In summary, an efficient and concise asymmetric synthesis of Ferrulactone II, the aggregation pheromone of Cryptolestes ferrugineus, and its enantiomer, has been developed. Compared to previous syntheses, this approach provides a concise and protecting-group-free route with high overall yield, enabling access to both enantiomers using a single chiral catalyst. Ferrulactone II was obtained in seven steps with an overall yield of 31%, while its enantiomer was prepared in seven steps with a total yield of 28%. All synthetic intermediates and final products were fully characterized by ¹H and ¹³C NMR spectroscopy and HRMS (Figures S1–S22).

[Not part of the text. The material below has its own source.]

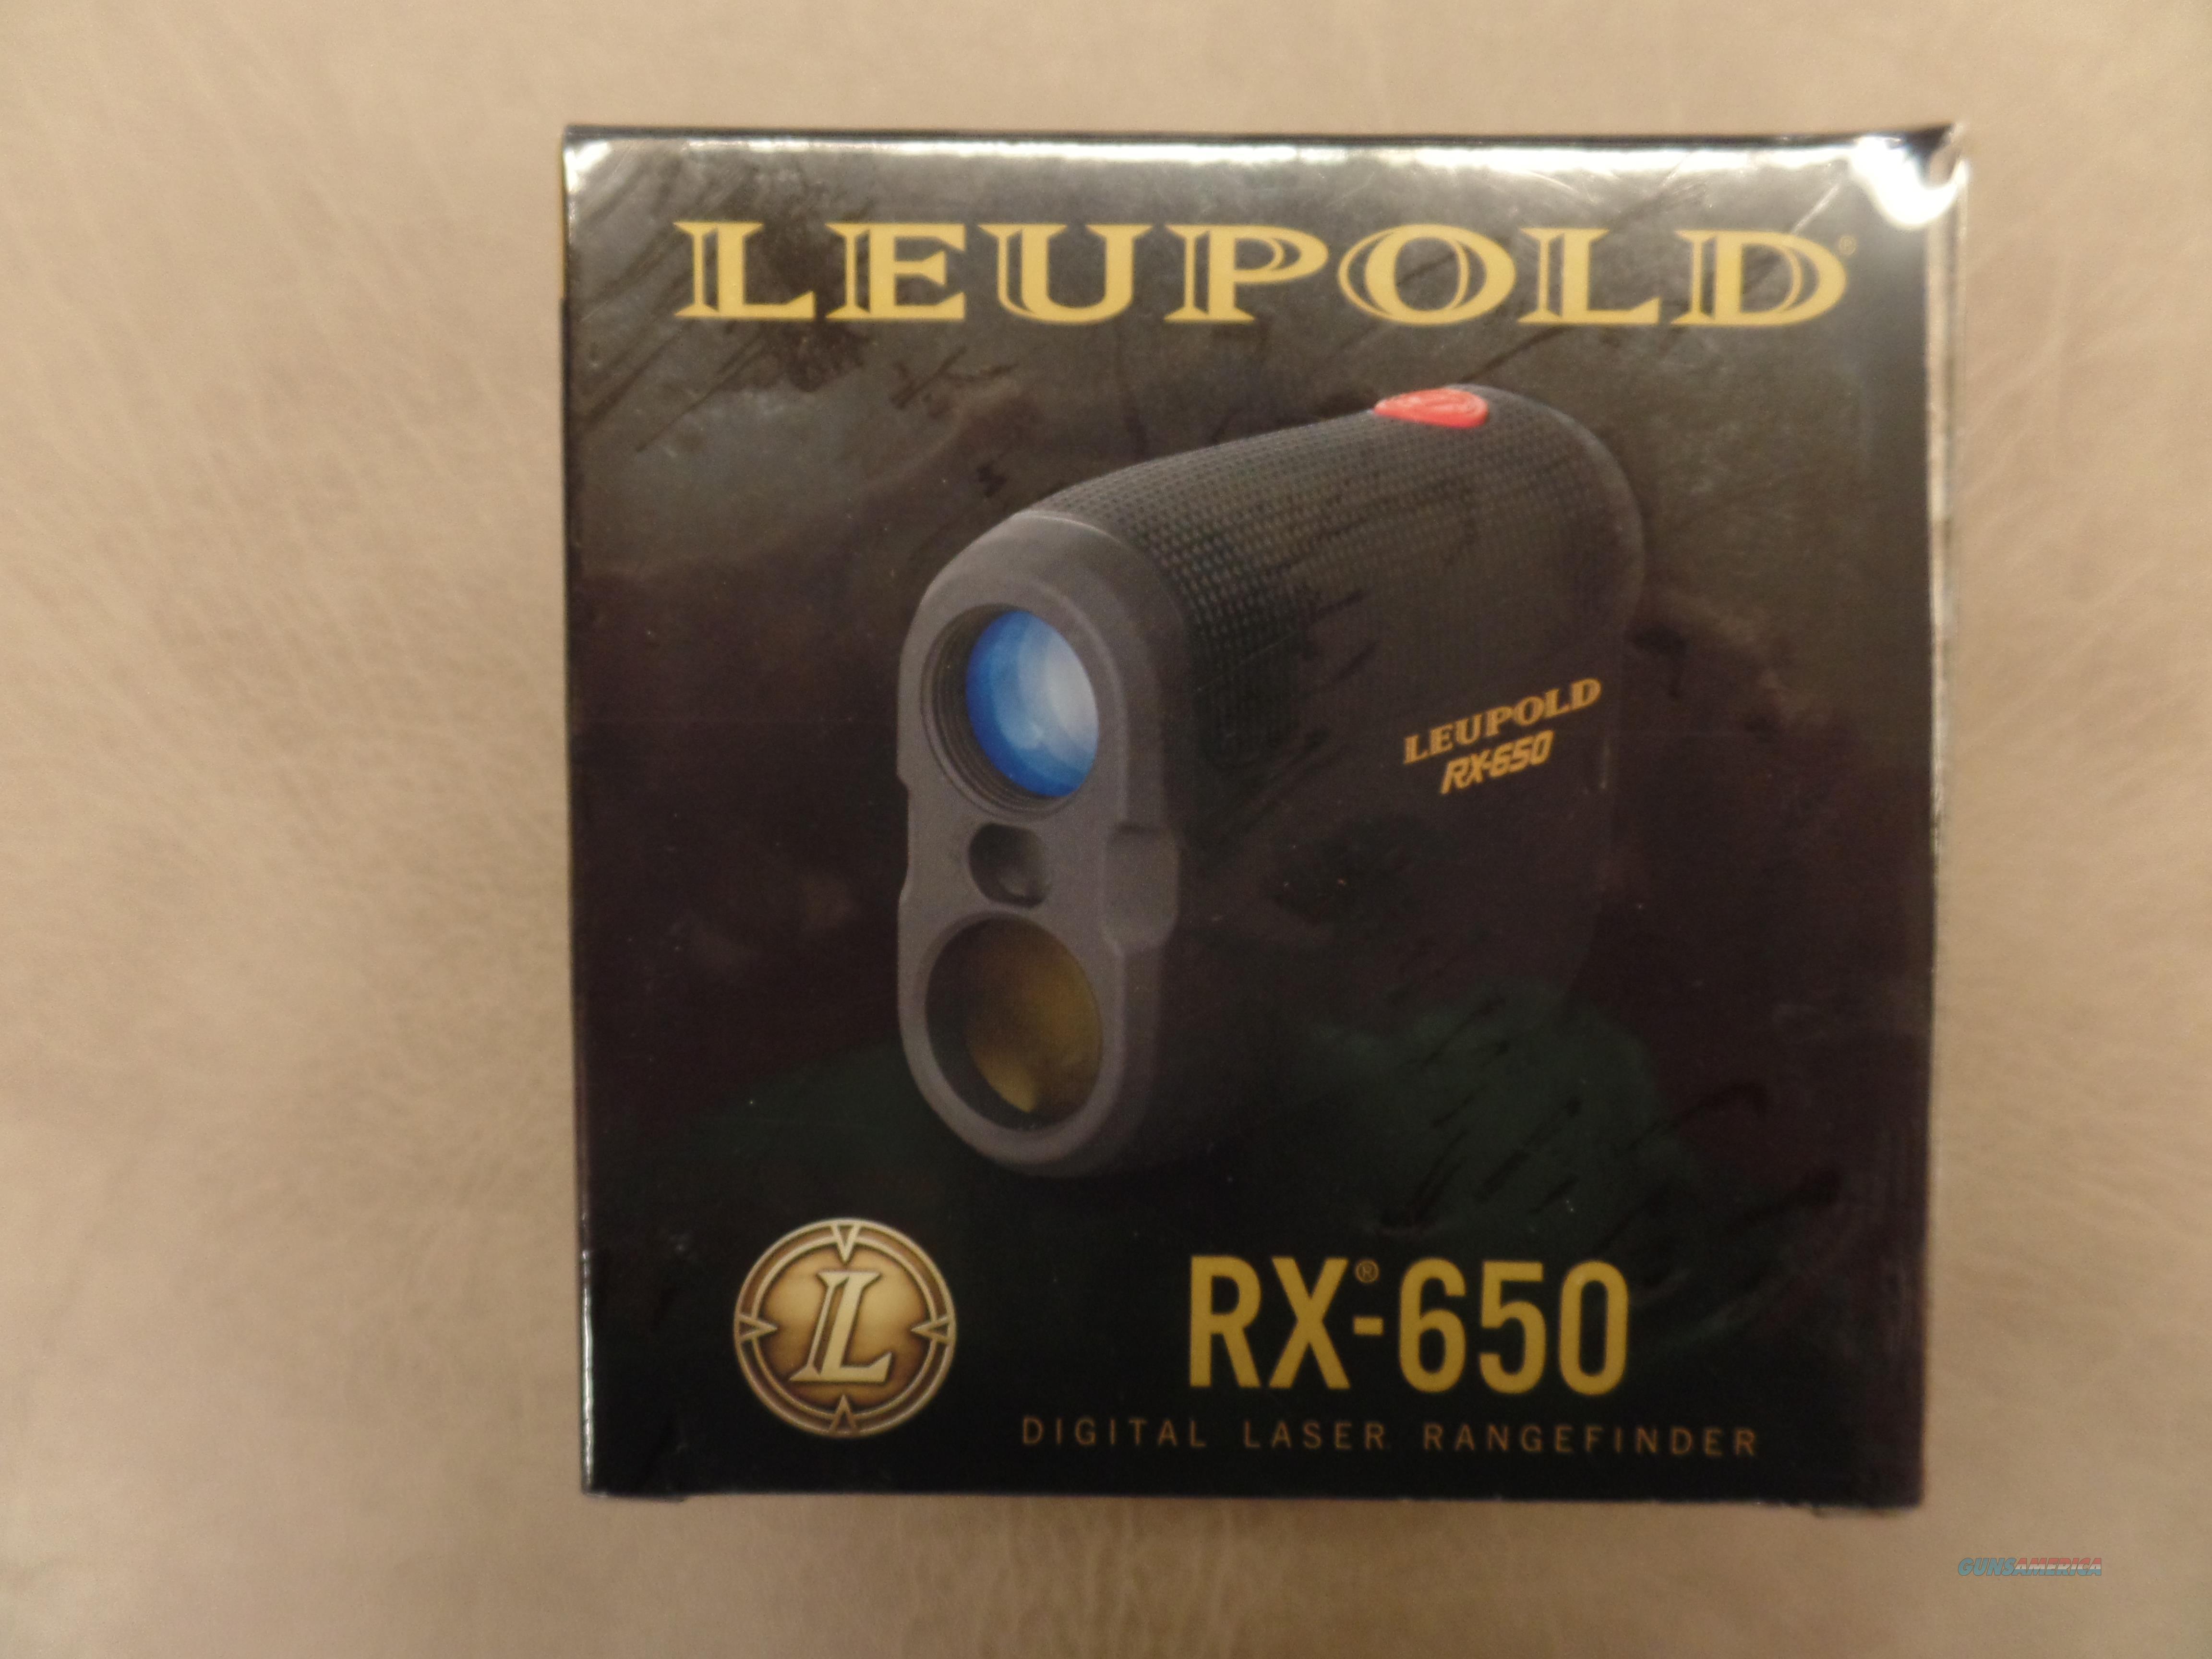 Leupold RX-650 Digital Laser Rangefinder  Non-Guns > Scopes/Mounts/Rings & Optics > Non-Scope Optics > Rangefinders
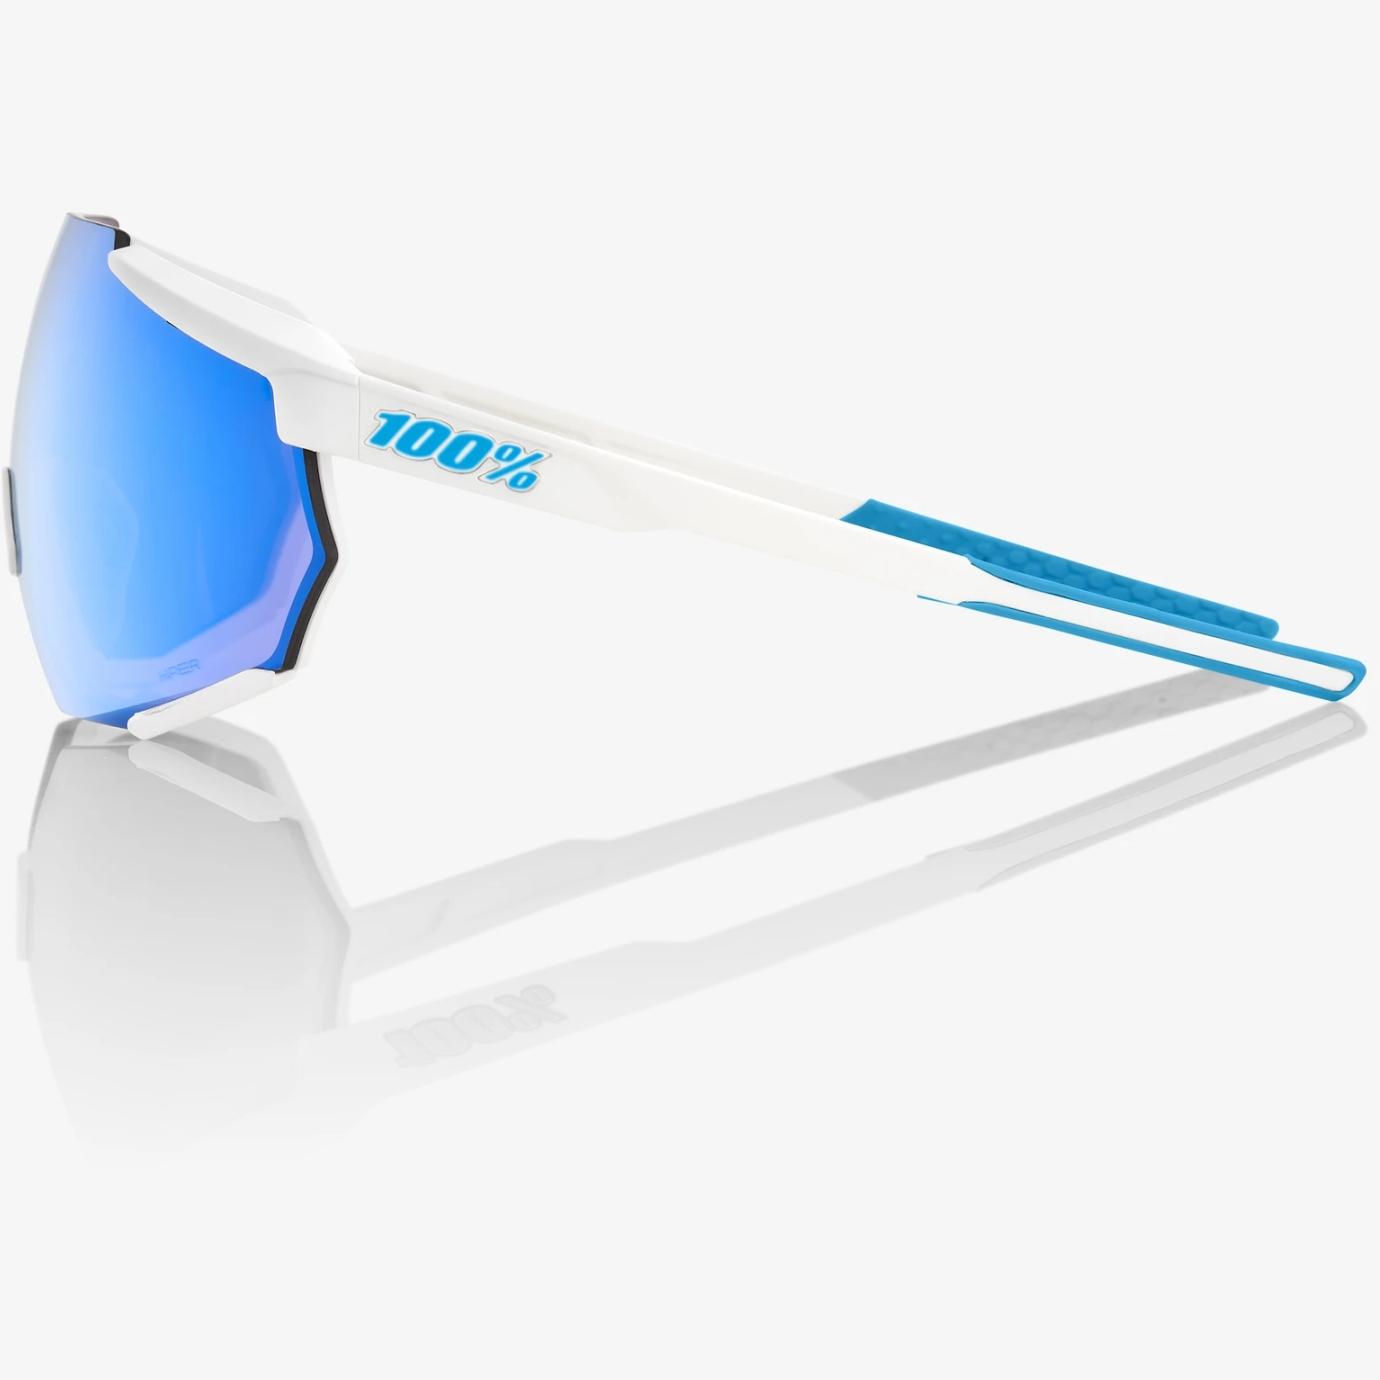 Imagen de 100% Racetrap HiPER Mirror Gafas - Movistar Team White/Blue Multilayer + Clear

Importantly, this synthetic approach provides reliable access to both enantiomers of Ferrulactone II, supplying well-defined material suitable for future biological evaluation and studies aimed at exploring their potential application in the management of the rusty grain beetle.